A couple of months ago, I got a new workstation. A quad core Xeon box from Dell. It came with preinstalled Ubuntu. I decide to play with that for while. After a while I noticed that the system would randomly reset. Ah the darn unstable linux is what I thought!!
I reinstalled the system with OpenSolaris 2008.11 and it ran for a day or so. The system reset again. Annoyed I started looking at /var/adm/messages and I found that there was a hardware fault detected by FMA and taken appropriate action. Now it was nice to call Dell Support and tell them definatively the cause, diagnosis and that I needed a new motherboard.
The rep asked me what test was running. I said nothing. This functionality is built into OpenSolaris...and it's free!! One cannot get this running linux.
Here's what fmadm faulty printed
--------------- ------------------------------------ -------------- ---------
TIME EVENT-ID MSG-ID SEVERITY
--------------- ------------------------------------ -------------- ---------
Feb 20 01:29:08 152a7687-c256-40dd-80b1-83c1f4ed74c7 INTEL-8001-43 Critical
Fault class : fault.cpu.intel.nb.ie
FRU : "MB" (hc://:product-id=Precision-WorkStation-T3400:chassis-id=65QLTH1:server-id=opensolaris/motherboard=0)
faulty
Description : Northbridge has detected an internal error Refer to
http://sun.com/msg/INTEL-8001-43 for more information.
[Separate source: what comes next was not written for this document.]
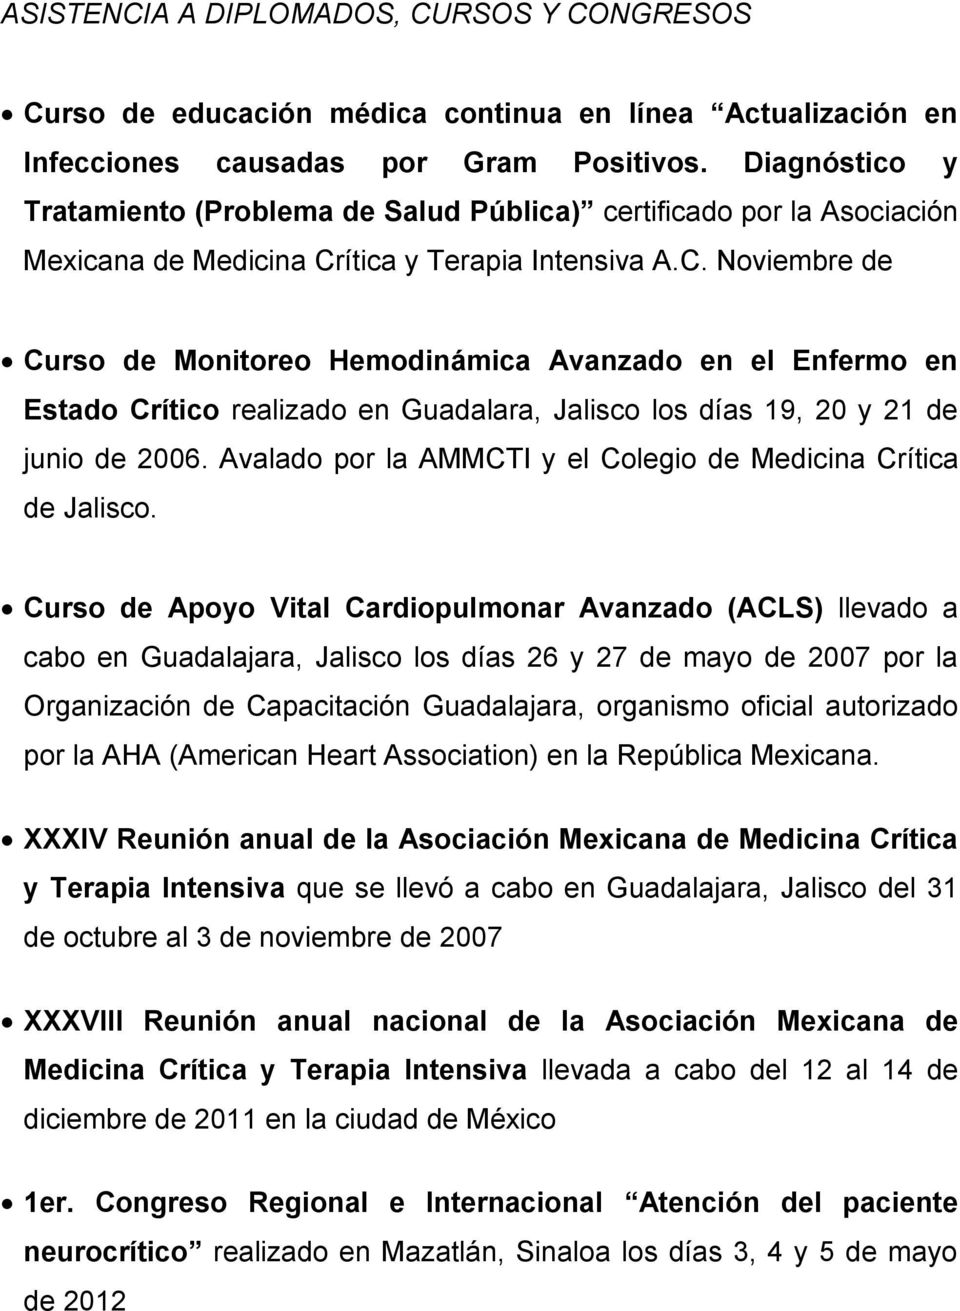 ítica y Terapia Intensiva A.C. Noviembre de Curso de Monitoreo Hemodinámica Avanzado en el Enfermo en Estado Crítico realizado en Guadalara, Jalisco los días 19, 20 y 21 de junio de 2006.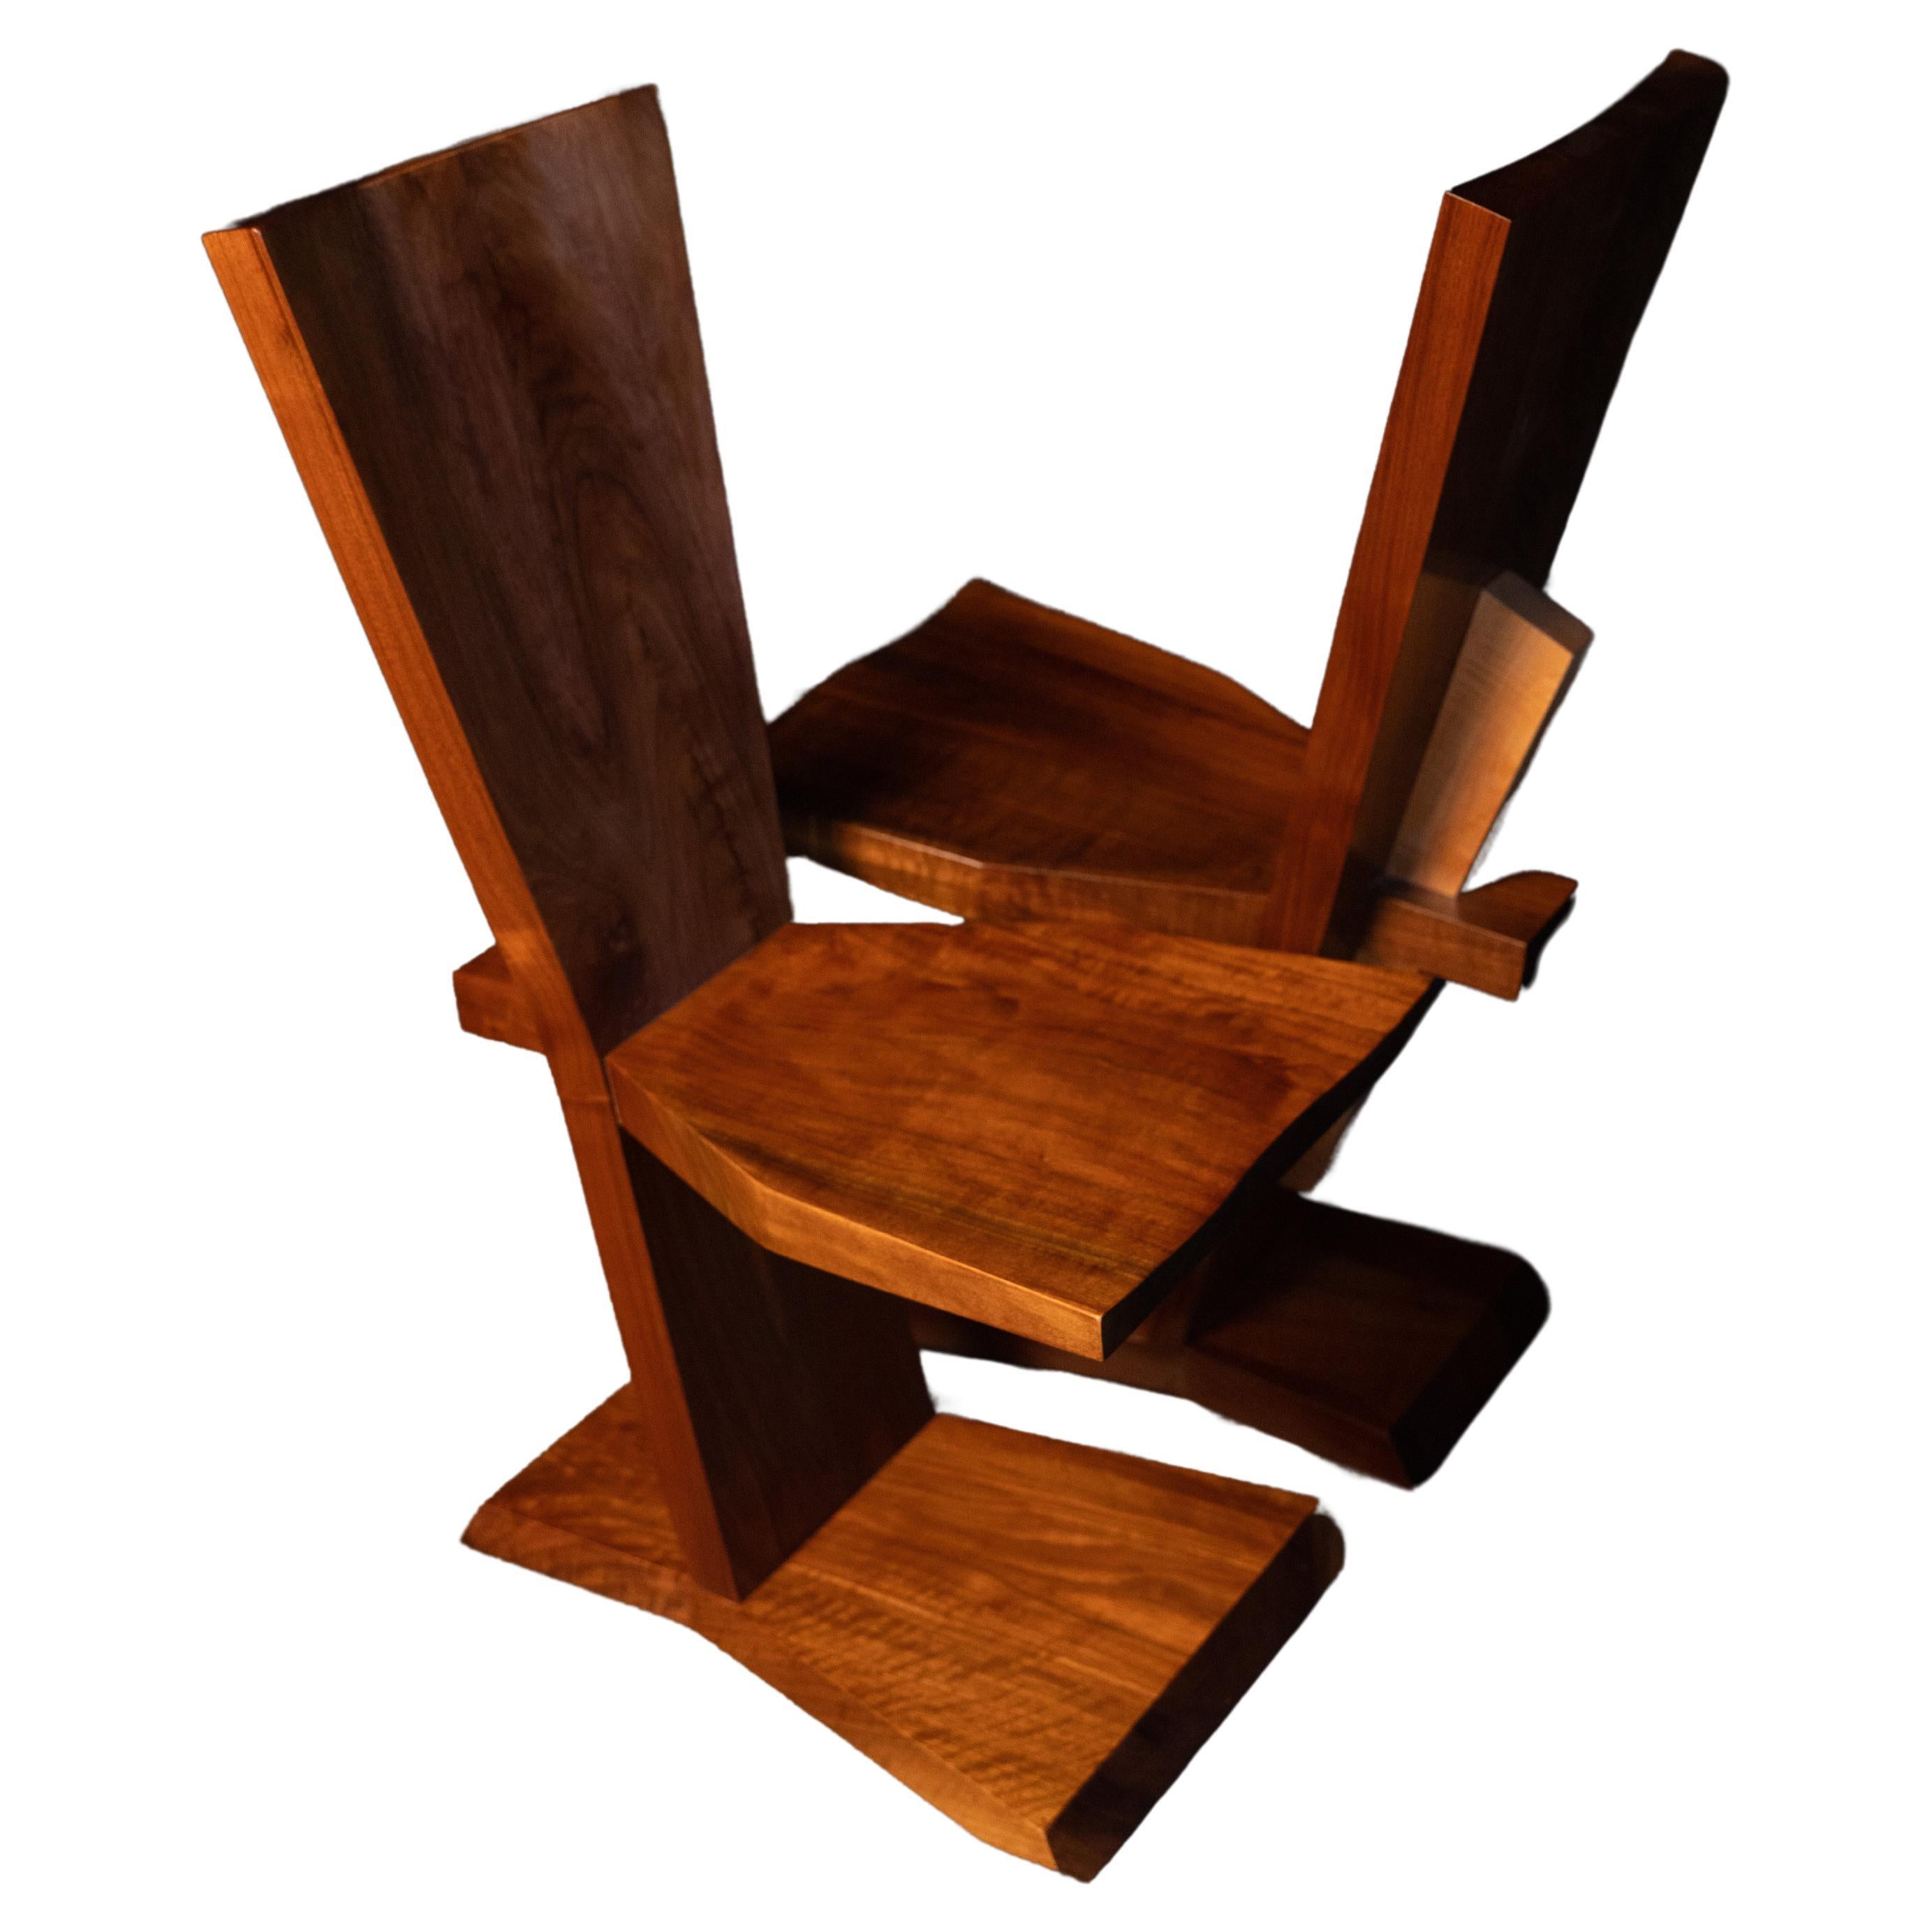 Cette chaise étonnamment confortable et merveilleusement conçue durera pendant des générations. Ces chaises sont fabuleuses groupées autour d'une table de salle à manger à bord vif, mais elles sont tout aussi parfaites seules. Ces deux chaises

Response : System panic or reset by BIOS
Impact : System may be unexpectedly reset
Action : Replace motherboard
--------------- ------------------------------------ -------------- ---------
TIME EVENT-ID MSG-ID SEVERITY
--------------- ------------------------------------ -------------- ---------
Feb 20 01:29:08 50ba84aa-3f12-c2c5-9c0b-8fdec9454104 INTEL-8000-LE Major
Fault class : fault.cpu.intel.l1dcache
Affects : hc://:product-id=Precision-WorkStation-T3400:chassis-id=65QLTH1:server-id=opensolaris/motherboard=0/chip=0/core=3/strand=0
faulted and taken out of service
FRU : hc://:product-id=Precision-WorkStation-T3400:chassis-id=65QLTH1:server-id=opensolaris/motherboard=0/chip=0
faulty
Description : A level 1 Data Cache on this cpu is faulty. Refer to
http://sun.com/msg/INTEL-8000-LE for more information.
Response : The system will attempt to offline this cpu to remove it from
service.
Impact : Performance of this system may be affected.
Action : Schedule a repair procedure to replace the affected CPU. Use
'fmadm faulty' to identify the module.